First Order System Transition

A first order system in differential equations is a system comprised of first order differential equations, meaning each equation involves only the first derivative of one or more functions. Converting a higher-order differential equation into a first order system can often simplify analysis and numerically solving the equations.

In the exercise, the second-order autonomous equation \(x^{\textprime \textprime} + 4x = 0\) is transformed into a first order system by introducing \(y(t) = x'(t)\). This creates a system where \(x'\) and \(y'\) are represented in terms of \(x\) and \(y\), conducive to analysis in the 'phase plane', which visually represents the solution's trajectory over time.

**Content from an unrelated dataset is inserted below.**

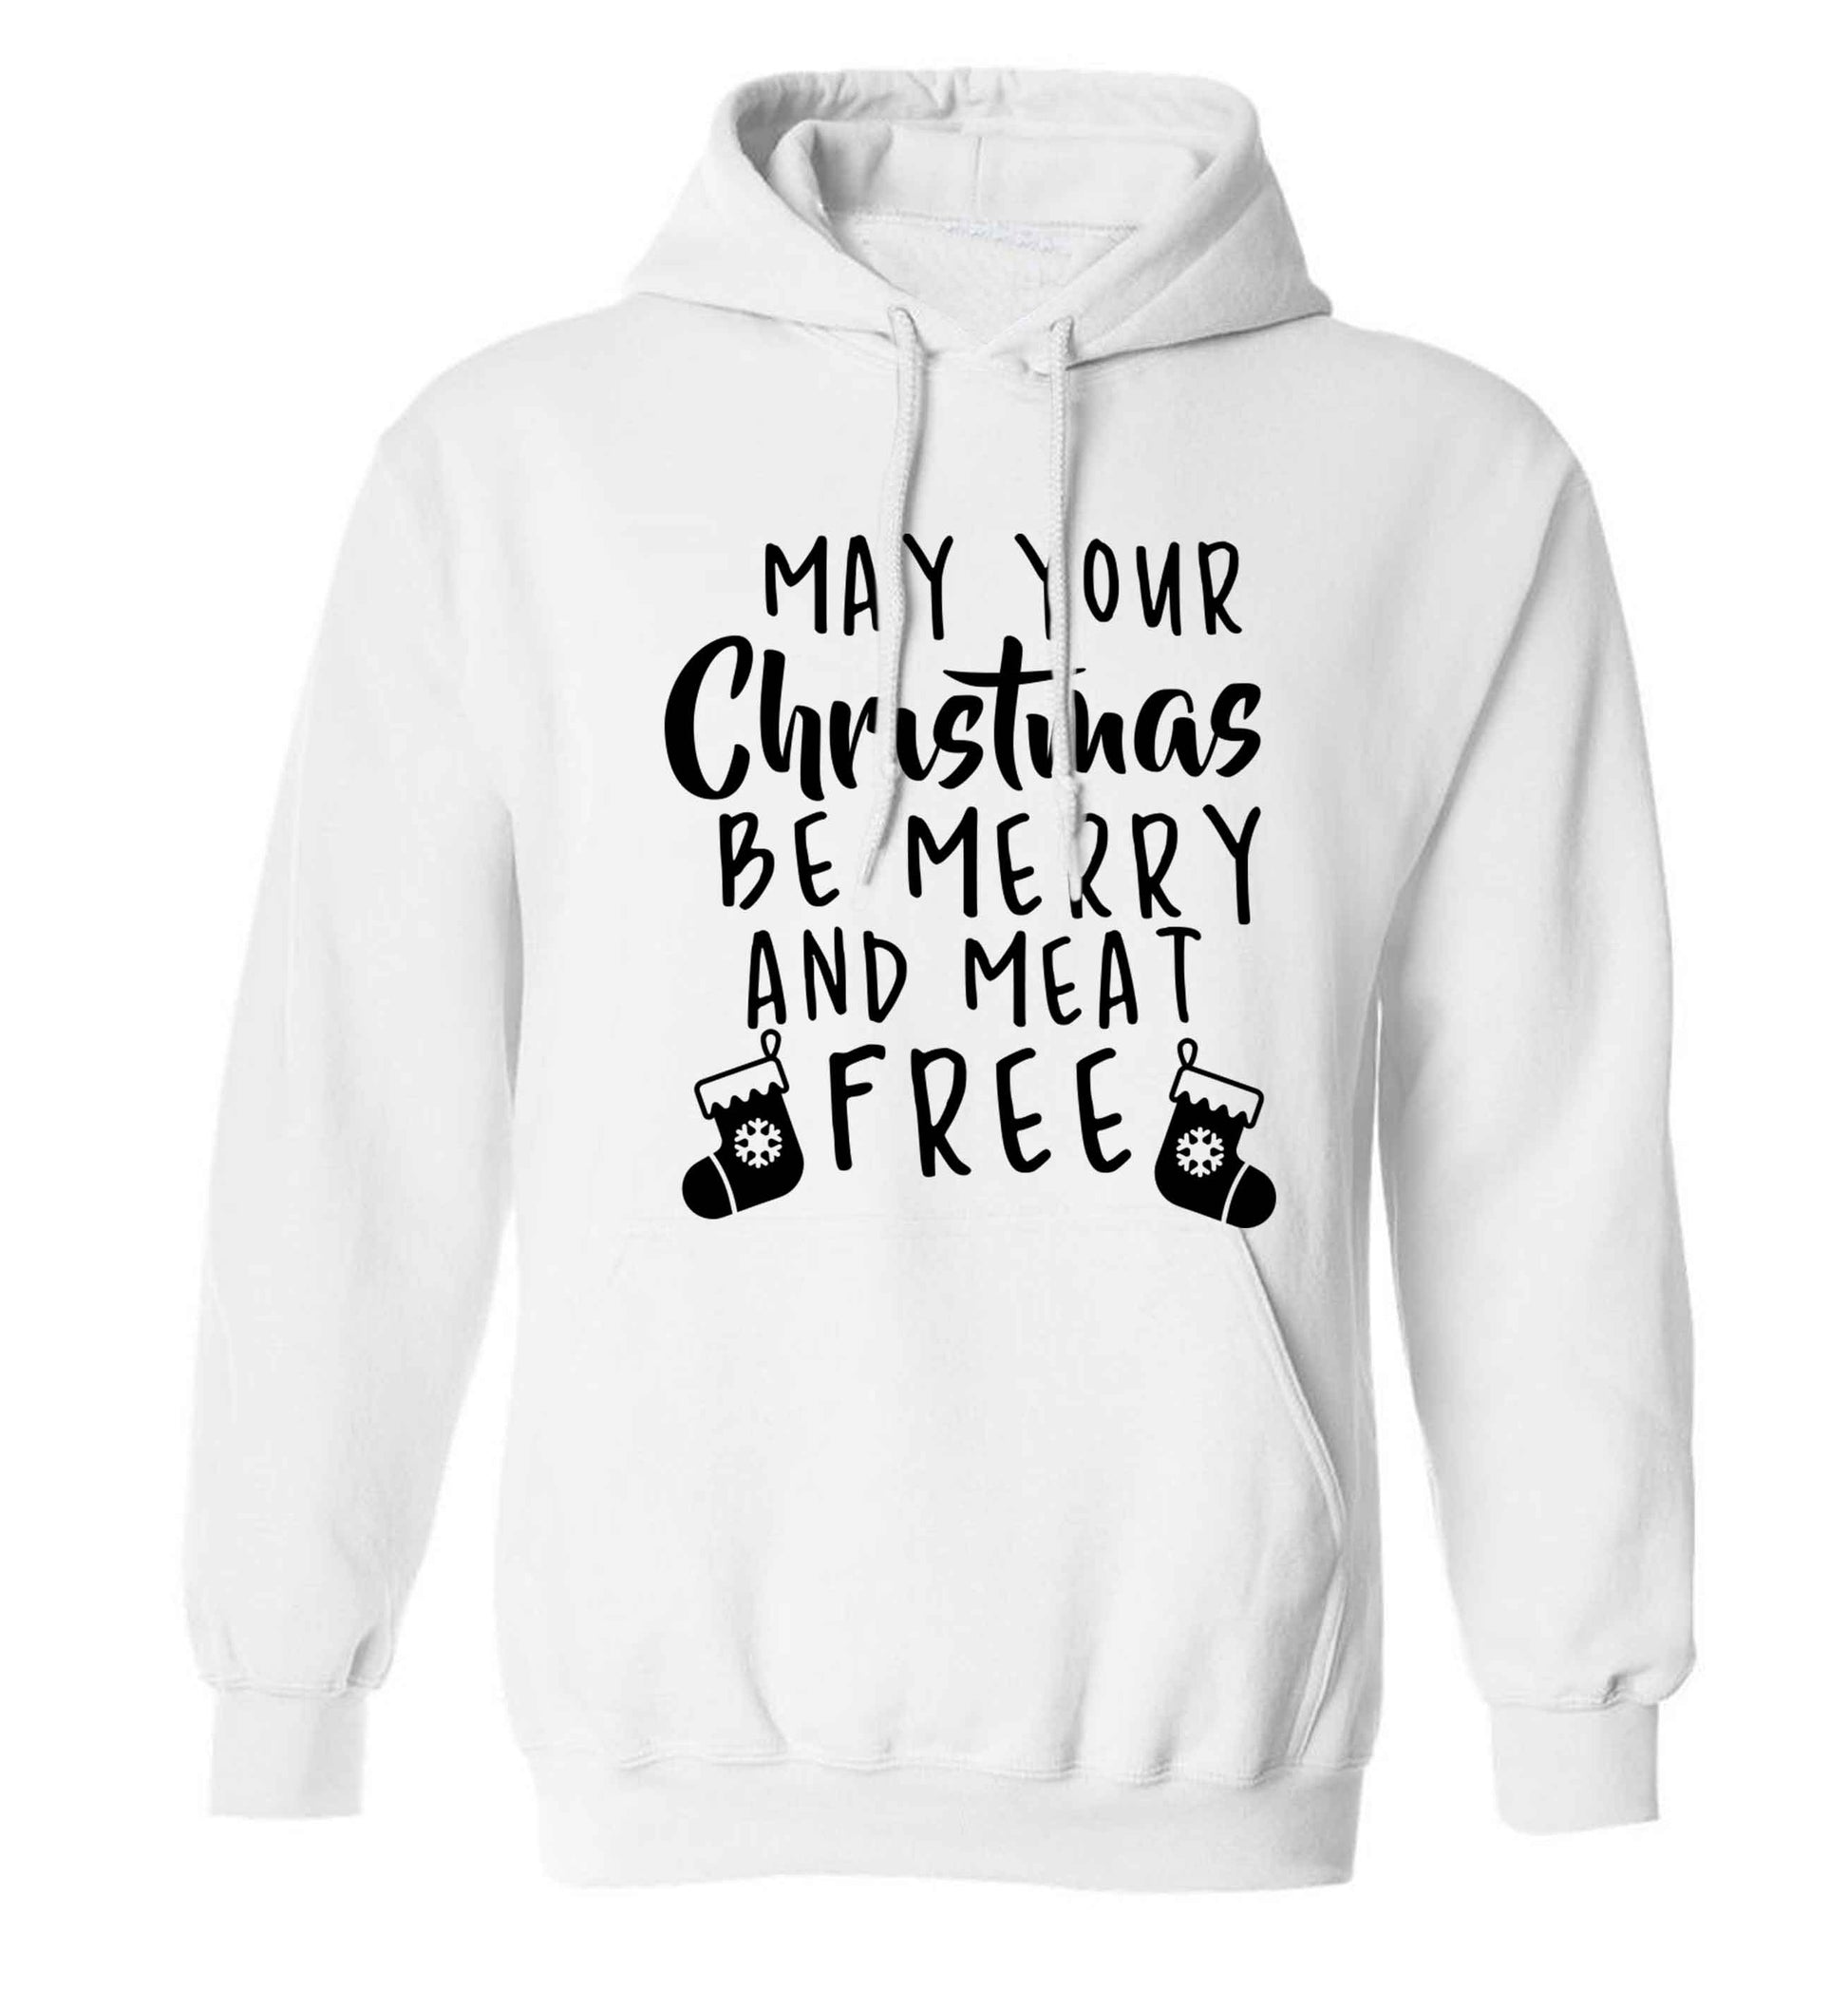 May your Christmas be merry and meat free adults unisex white hoodie 2XL

First order systems are often easier to work with because they enable the use of techniques like phase plane analysis, allowing us to map out the entire behavior of systems and better understand their dynamics in terms of stability, periodicity, and other features.

Phase Plane Analysis

The phase plane is a graphical representation of a system of first order differential equations. It's a powerful tool that provides insights into the system's behavior by plotting the system's states against each other. For instance, in a system with variables \(x\) and \(y\), the \(xy\)-plane becomes the stage for our analysis.

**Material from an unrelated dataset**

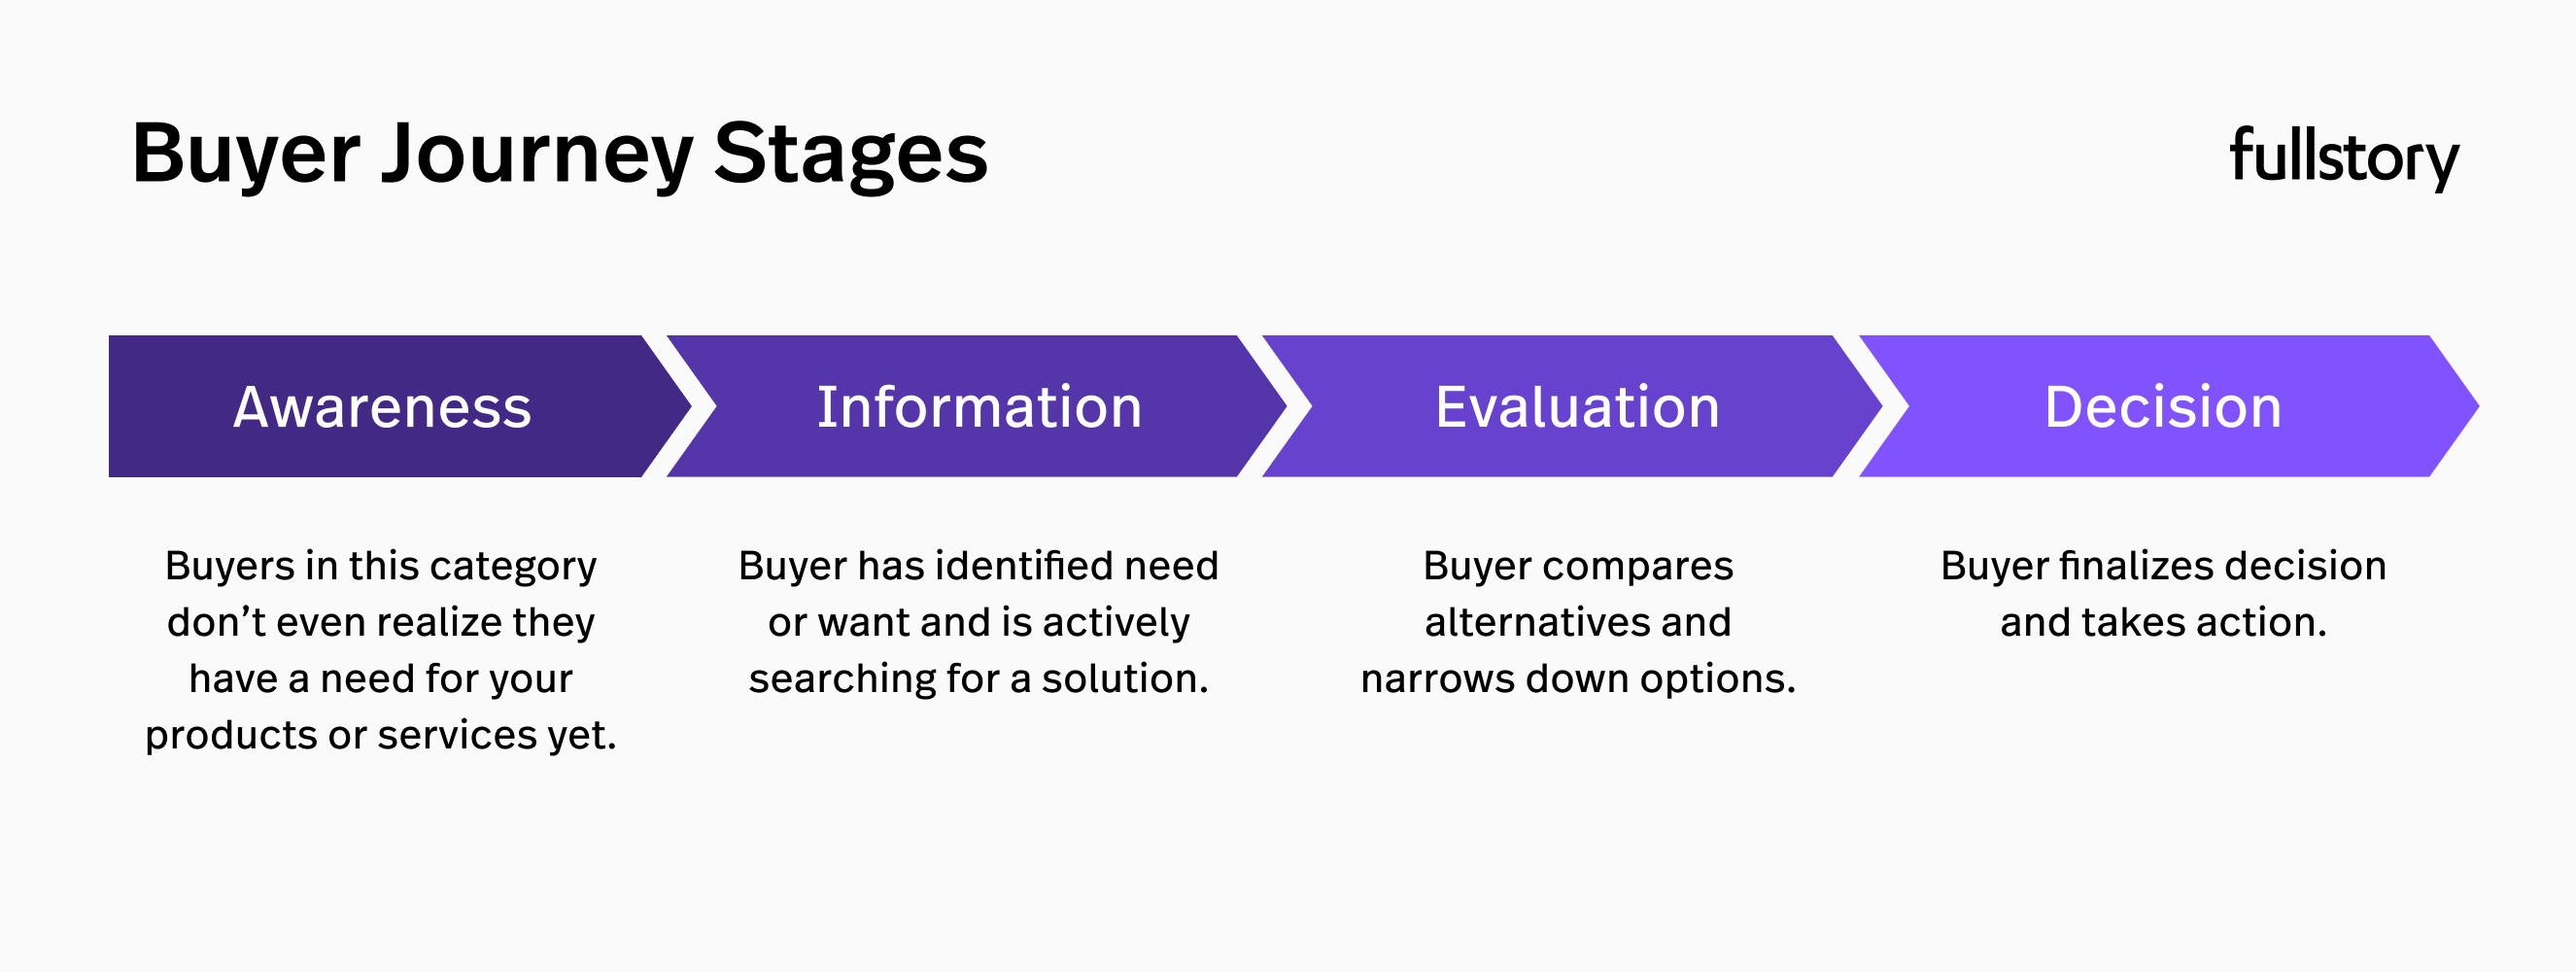 Buyer journey stages: Awareness, information, evaluation, decision.

In our example, we express a family of conserved quantities as functions of \(x\) and \(y\), and the phase plane helps visualize these quantities as curves or geometric shapes. What we see are the trajectories representing the evolution of the system over time. Plotting the graph of a specific conserved quantity passing through a point like \( (1,1) \) gives us tangible information about how the system behaves near that point.

Phase plane analysis is of great benefit in studying dynamical systems. It allows us to determine equilibrium points, and understand the stability, and long-term behavior of solutions, especially when solving the system analytically is challenging.

Velocity Vector Intuition

In phase plane diagrams, the velocity vector is a pivotal concept that provides the direction and rate at which a solution's state point moves through the plane. It's defined at each point in the phase plane by the system of equations governing the behavior of variables.

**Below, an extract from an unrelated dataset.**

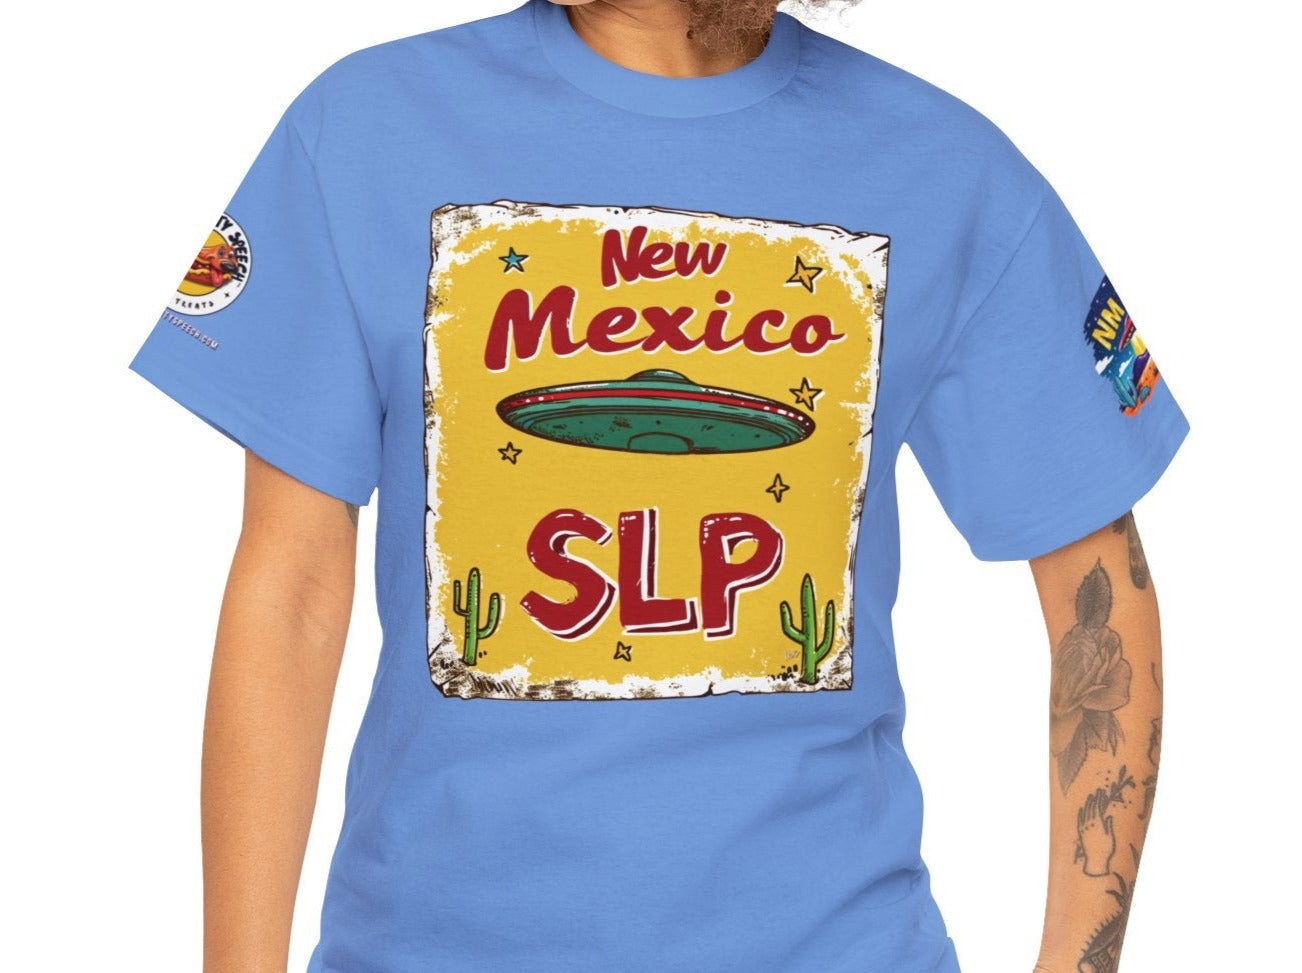 New Mexico SLP #1 Speech Therapy Shirt

For the autonomous equation in the exercise, the velocity vector at any point \( (x, y) \) is given by \(\mathbf{v} = f(x, y) \mathbf{i} + g(x, y) \mathbf{j}\), where \(f(x, y)\) and \(g(x, y)\) are the derivatives \(x'\) and \(y'\). At \( (1,1) \) this becomes \(\mathbf{v} = \mathbf{i} - 4 \mathbf{j}\). By placing this vector on the graph, we can immediately see how the state of the system will evolve: the direction of \(\mathbf{v}\) intuitively indicates the immediate future path of the system's state.

The velocity vector tells us not just about the direction but also about the speed with which the point moves. It offers a snapshot of the system's dynamics at a specific instant, which is particularly useful when analyzing conserved quantities in phase planes.